Potential Industry and Economic Implications
If enacted, S8518 would likely reshape the calculus for mining companies considering New York. The tiered tax, particularly the 5-cent per kWh rate on the highest consumption levels, represents a significant operational cost that could make the state less competitive compared to regions with cheaper, often fossil-fuel-powered, electricity or more favorable regulatory climates.
Proponents, including the bill’s sponsors, frame the tax as a matter of fairness and environmental policy. They argue that high-energy-consuming industries like PoW mining should contribute more to offset the social cost of energy consumption and help fund assistance for vulnerable households facing rising utility bills. The renewable exemption is a clear nod to the industry’s push for cleaner energy sources.
Conversely, critics within the crypto and business communities view the bill as another punitive measure that stifles economic development. They point to the potential for job creation and tax base expansion in upstate New York, regions that have faced economic challenges. Industry advocates often highlight that mining can act as a flexible demand-side resource for power grids, helping to absorb excess renewable energy and improve grid stability—a potential benefit the bill’s structure may not fully account for.

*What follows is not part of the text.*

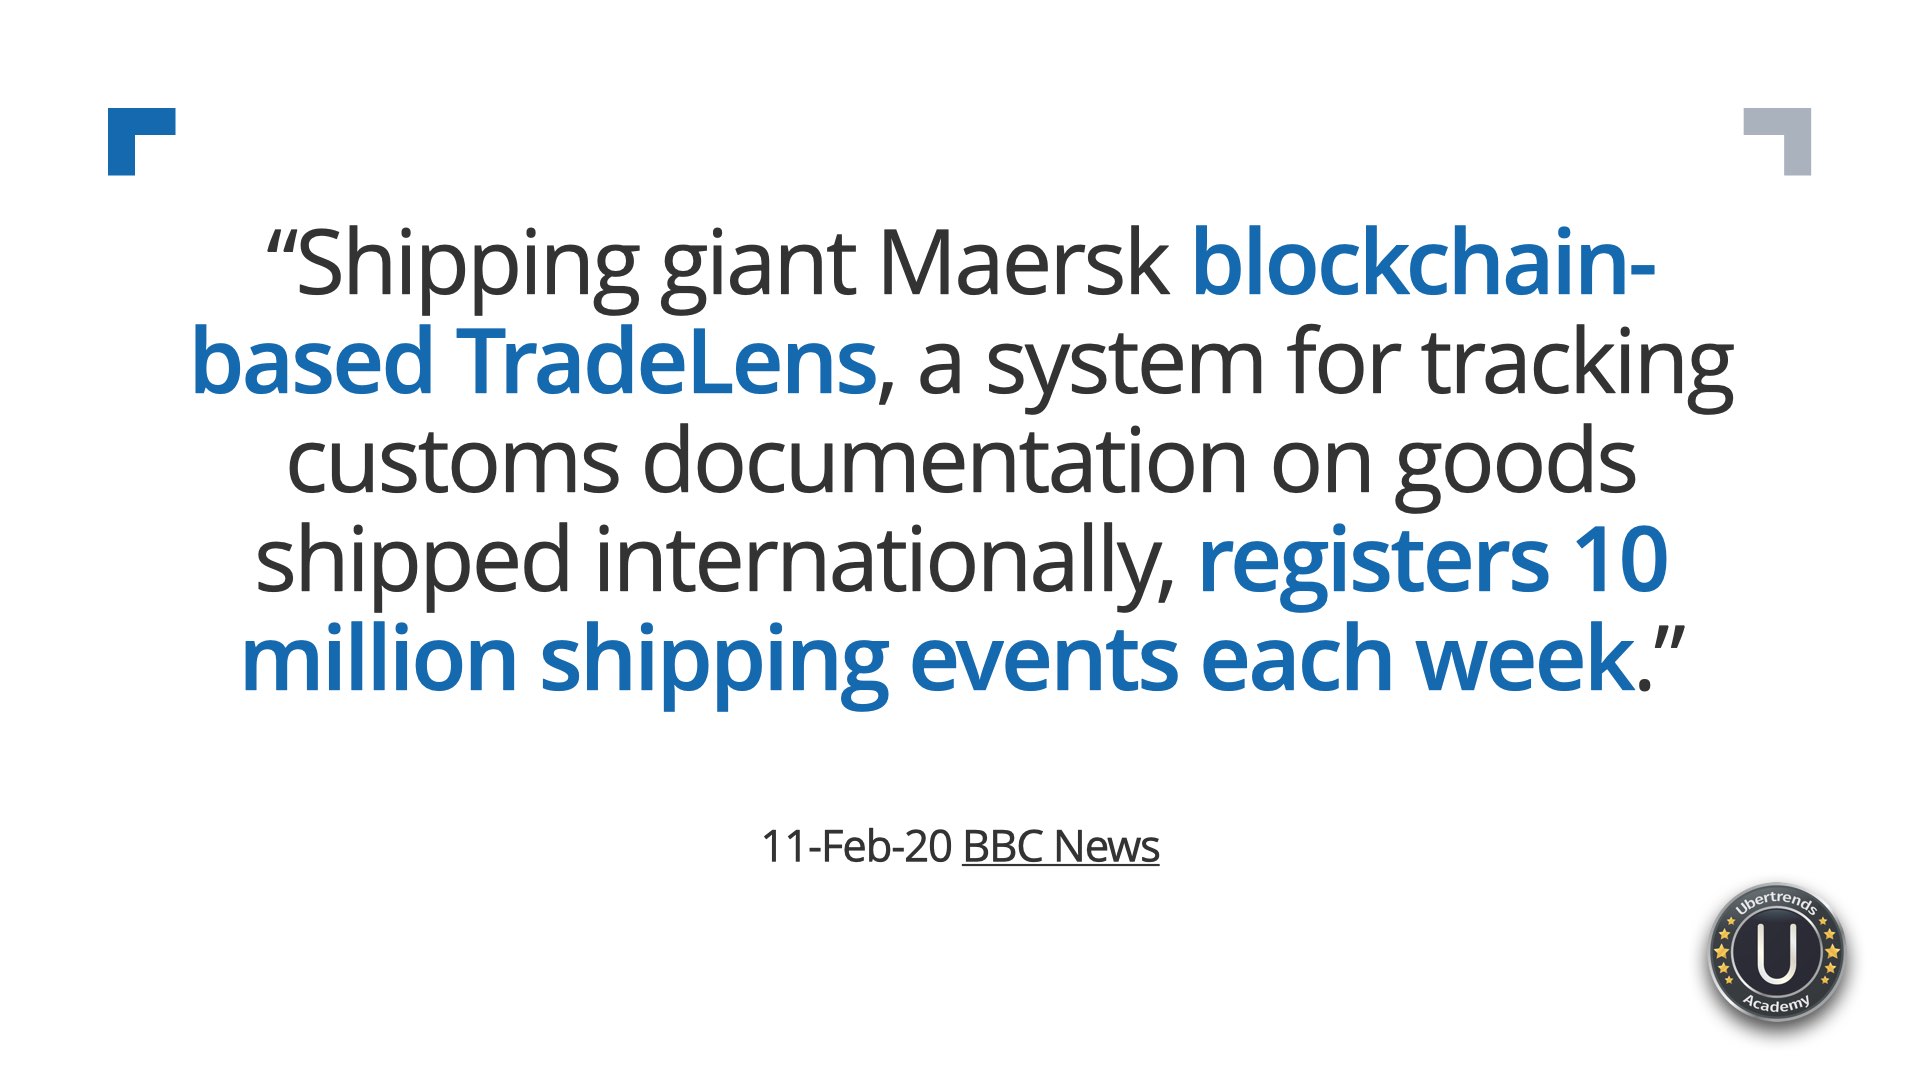 Maersk Blockchain TradeLens

The bill’s requirement that exempt mining not connect to utility transmission lines could also limit its applicability, as many renewable projects rely on grid infrastructure for reliability or to sell excess power.
Next Steps and Broader Regulatory Climate
S8518 is currently a bill proposal. It must pass the New York State Senate and Assembly and be signed by the Governor to become law. Its progress will be closely watched as an indicator of New York’s stance toward the digital asset sector beyond just mining, which already operates under the state’s stringent BitLicense regulatory framework.
This proposal underscores a persistent trend of regulatory scrutiny from certain Democratic lawmakers in New York, who often prioritize climate and consumer protection objectives. For the mining industry, the message is clear: while the fossil fuel moratorium has lapsed, operating in New York will now involve navigating a new, potentially costly, tax regime unless operations are entirely off-grid and renewable-powered. The coming months will reveal whether this approach finds legislative majority support or faces significant opposition from industry and regional economic development interests.